Saudi Arabia’s NCB reports drop in second quarter profit on higher operating expenses
Net profit for the period slides to 2bn riyals as operating expenses including impairments rise by 18.4%
Saudi Arabia’s National Commercial Bank (NCB), the kingdom's biggest lender by assets, reported a 22 per cent drop in its second-quarter profit as total operating expenses including impairments for bad loans climbed and operating income decreased.
Net profit for the three months ending June 30 declined to 2.09 billion Saudi riyals (Dh2.05bn), the lender said in a statement to the Tadawul stock exchange, where its shares trade.
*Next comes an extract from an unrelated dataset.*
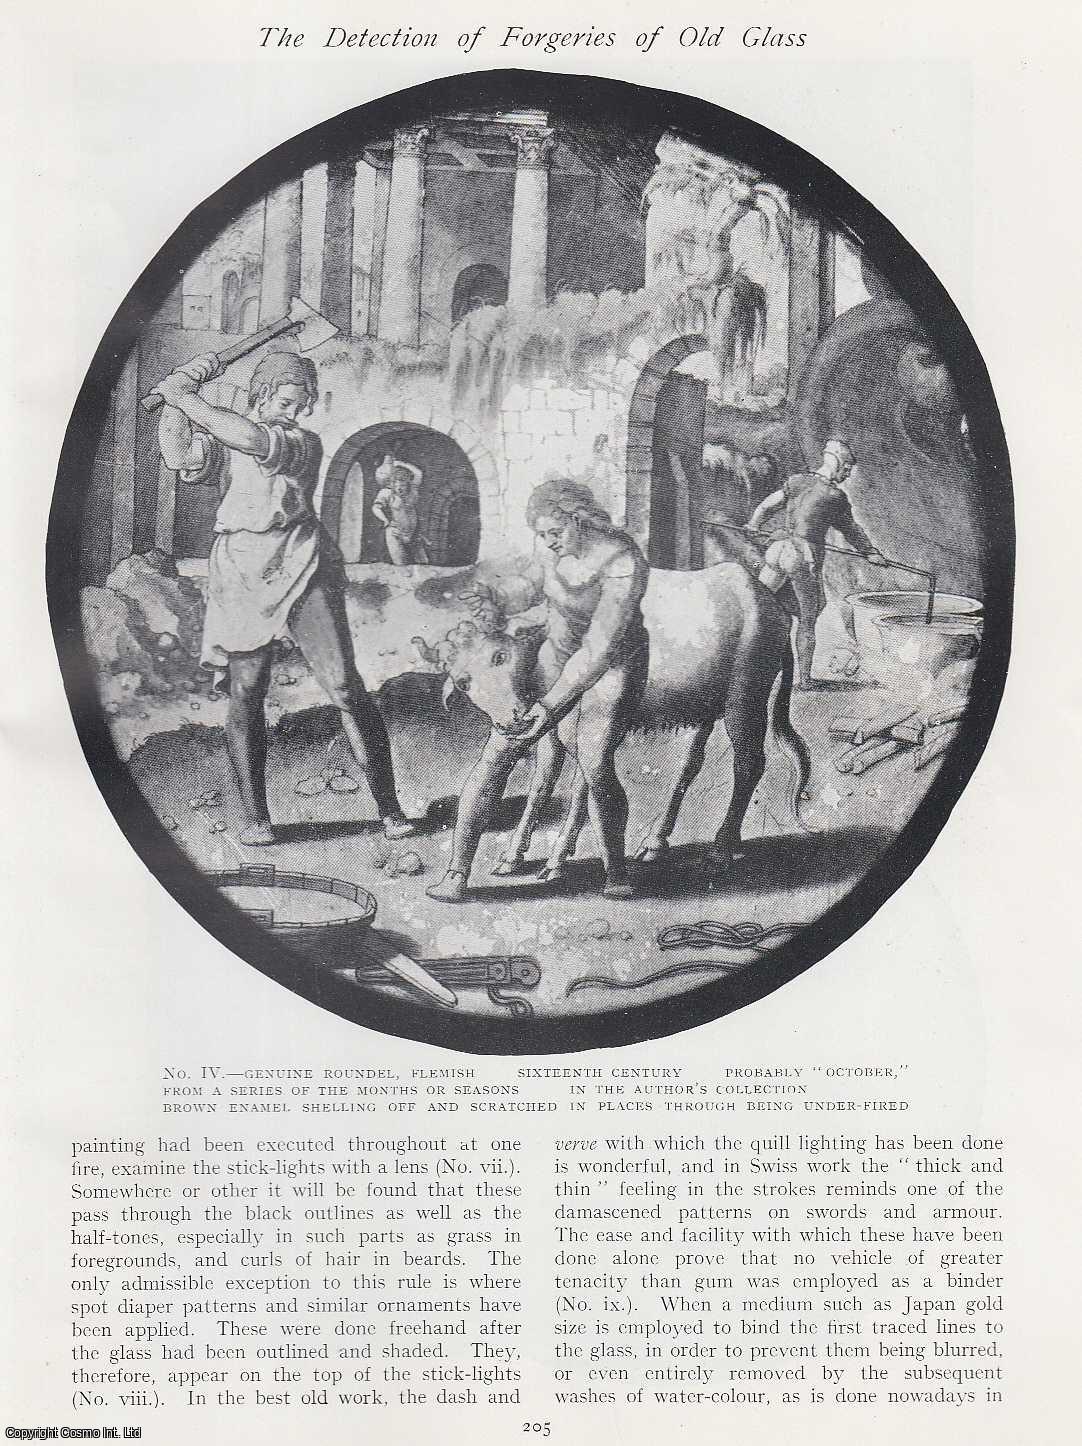 John A. Knowles - The Detection of Forgeries of Old Glass. An original article from The Connoisseur, 1924.

Operating income during the period slid 5.6 per cent to 4.76bn riyals.
Total operating expenses iclimbed 18.4 per cent during the period, “mainly due to higher net impairment charge for expected credit losses". They were partially offset by a decrease in salaries and employee-related expenses, rent and premises-related expenses, depreciation or amortisation of property, equipment, software and ROU (right of use) assets, and other general and administrative expenses, the statement said.
The net impairment charge for expected credit losses rose 155 per cent year-on-year to 828 million riyals, it added.
The lender did not give a reason for the higher impairment charge, but banks across the world have been setting aside more provisions to deal with souring loans as the economic fallout from Covid-19 spreads.
The lender's total revenue from special commissions/financing and investments dropped 8 per cent in the second quarter to 4.6bn riyals.
During the first half of 2020, net profit dropped 10 per cent to 4.92bn riyals, on higher total expenses, net impairment charges for expected credit losses and depreciation/amortisation of various assets.
The net impairment charge for expected credit losses in the six-month period climbed 160 per cent to 1.2bn riyals, according to the statement. Total operating income increased 0.7 per cent to 10bn riyals.
"With the exception of loan growth (positive surprise), underlying trends were broadly in line with our expectations," EFG Hermes said in a note on Monday.
Last month, NCB entered into a framework agreement with Samba Financial Group, to explore a merger of the two lenders that could create the third-biggest banking entity in the Arab world by assets.
If the two sides agree terms, NCB will be the merging bank and Samba Financial Group being the merged bank.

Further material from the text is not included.